The point Mr Kenney is making here – and a chorus of other Conservatives back him up on this – is that, if you are truly loyal to Canada, you will agree to a brief, symbolic suspension of one of the very rights Canadians most value at the very moment you symbolically become Canadian.

That you don't happen to believe that Ms. Ishaq's Muslim faith requires her to wear the niqab isn't relevant. And it doesn't matter whether you came to this understanding of Islamic theology through years of rigorous study or through something you read on a comment thread once.

As Chief Justice Beverley McLachlin wrote in Syndicat Northcrest v. Amselem, "The State is in no position to be, nor should it become, the arbiter of religious dogma."

Put another way: "You can decide for yourself what hats the angels dancing on the heads of pins ought to be wearing, we've both got your back and have bigger fish to fry."

What matters in law is how Ms. Ishaq interprets and practises her own faith, and what should matter to Canadians is how vigilantly we protect her – and thus our – right to do so.

Besides, this particular case was not in fact about religious freedom so much as it was about Jason Kenney taking liberties. The courts have so far ruled (twice, and with a veritable eye-roll,) that, as minister of immigration he had no more power to insist women show their faces at citizenship ceremonies than the minister of agriculture and agri-food has the power to demand that every woman buying maple syrup flash her tits.

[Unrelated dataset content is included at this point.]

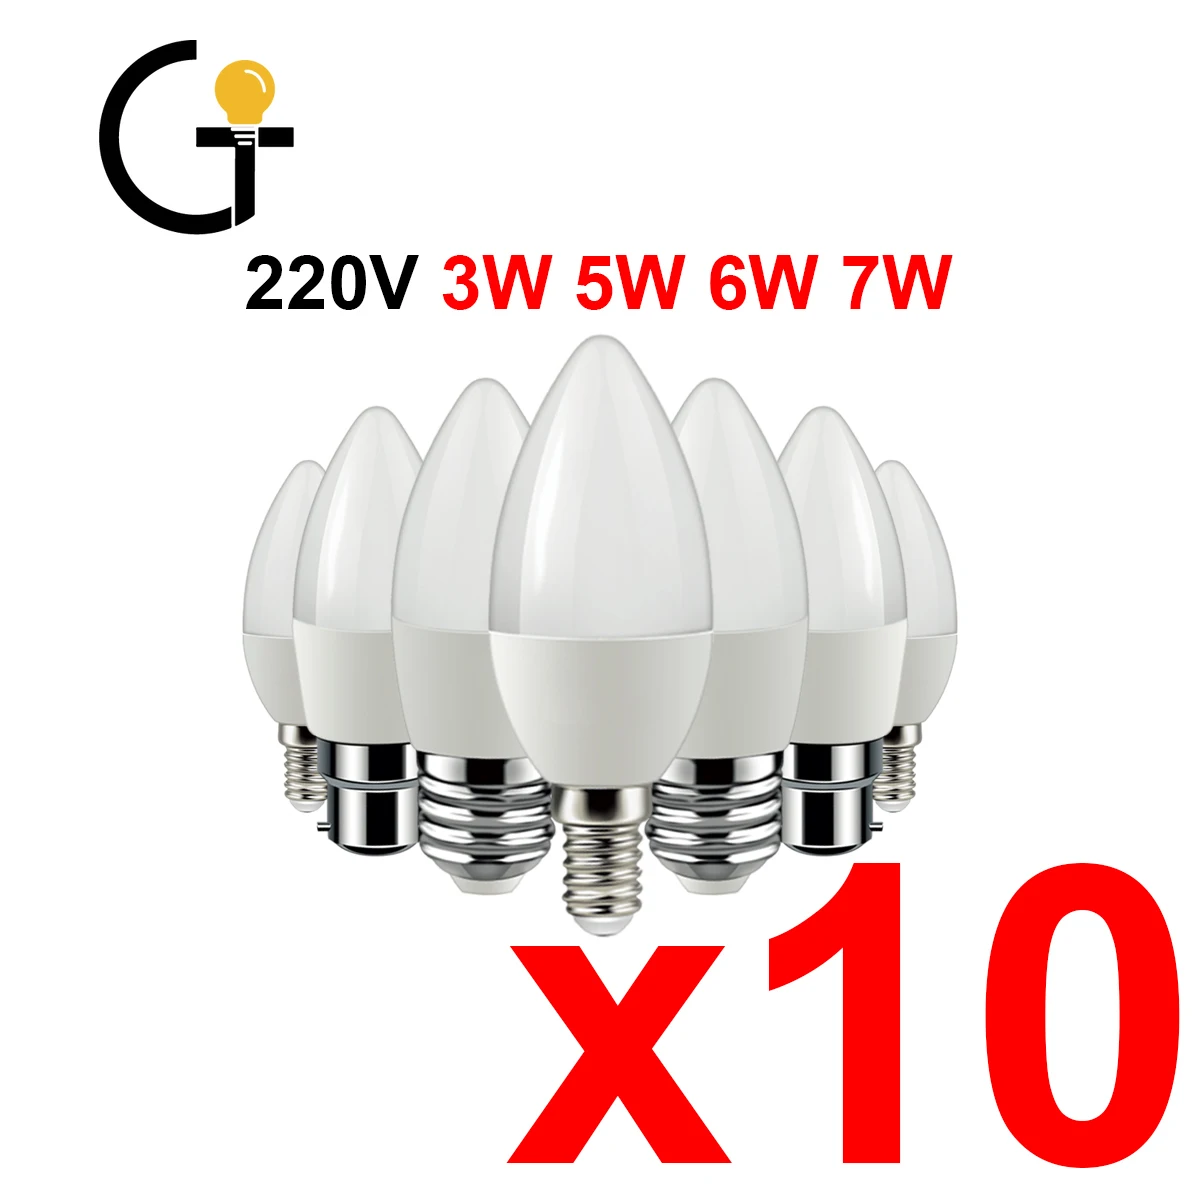 

10 Piece Led Candle Bulb C37 3w 5w 6w 7w Warm White Cold White Day Light B22 E14 E27 AC220v-240v 6000k For Home Decoration Lamp

Prime Minister Stephen Harper has said: "It is offensive that someone would hide their identity at the very moment where they are committing to join the Canadian family," and he's more than entitled to believe that and to never wear a veil.

What he and any of his overreaching ministers, are not entitled to do, as the courts have ruled here, is demand an act of supplication from a tiny fraction of a religious minority.

The Charter is there to protect the rights of minorities from the will of the majority and, incidentally, from the will of political parties who have a majority they're a touch worried about losing at the moment.

Would we accept a bit of compliance baptism at our swearing-ins, a bit of "Look, it's just a splash of water on your forehead and something from The Book of Common Prayer, don't make a big deal about this, you are, after all, getting to become Canadian"?

I hope not. That would also be against our laws and values and, arguably, the person showing the greatest understating of those laws and values here – and, in undertaking this ordeal, the most loyalty to Canada – is Ms. Ishaq who perhaps doesn't want to see a bizarre precedent set.

Should the niqab ban be allowed, what in this country would be next?

Perhaps every Canada Day a different Charter right could be suspended. Picture it: July 1, 2020, and no one is secure from unreasonable search and seizure for those 24 hours. "Why?" some of the children ask, as their Popsicles are grabbed from their hands, "Because today marks an occasion upon which we celebrate who we are and the temporary, purely symbolic abandonment of our rights is apparently how our government thinks we should do that," says a CSIS agent, enjoying his new Popsicle. I can see it now: miles and miles of Jell-O salad, riffled wallets and emptied handbags laid out on picnic tables, burgers on the barbecue, and then some dad, dishevelled from the exhaustive pat-down conducted by the cops he had just shown around his house, lights off the fireworks.

There are cheers, and sparklers – the ones that didn't get seized. Most agree this year was better then last year, when no one had the right not to be subjected to cruel and unusual punishment.

Then the kids "ooh" and "aah" at the now-traditional dazzling finale as the Little Charter of Rights and Freedoms goes up and sparks become flames.

In 2021, the right to communicate with and be served by the federal and New Brunswick governments in either official language will be suspended and, it being a holiday anyway, there will be much relief.

It will be almost like the old days, when Canadians just celebrated the delightful fact that everyone celebrated in a manner they saw fit.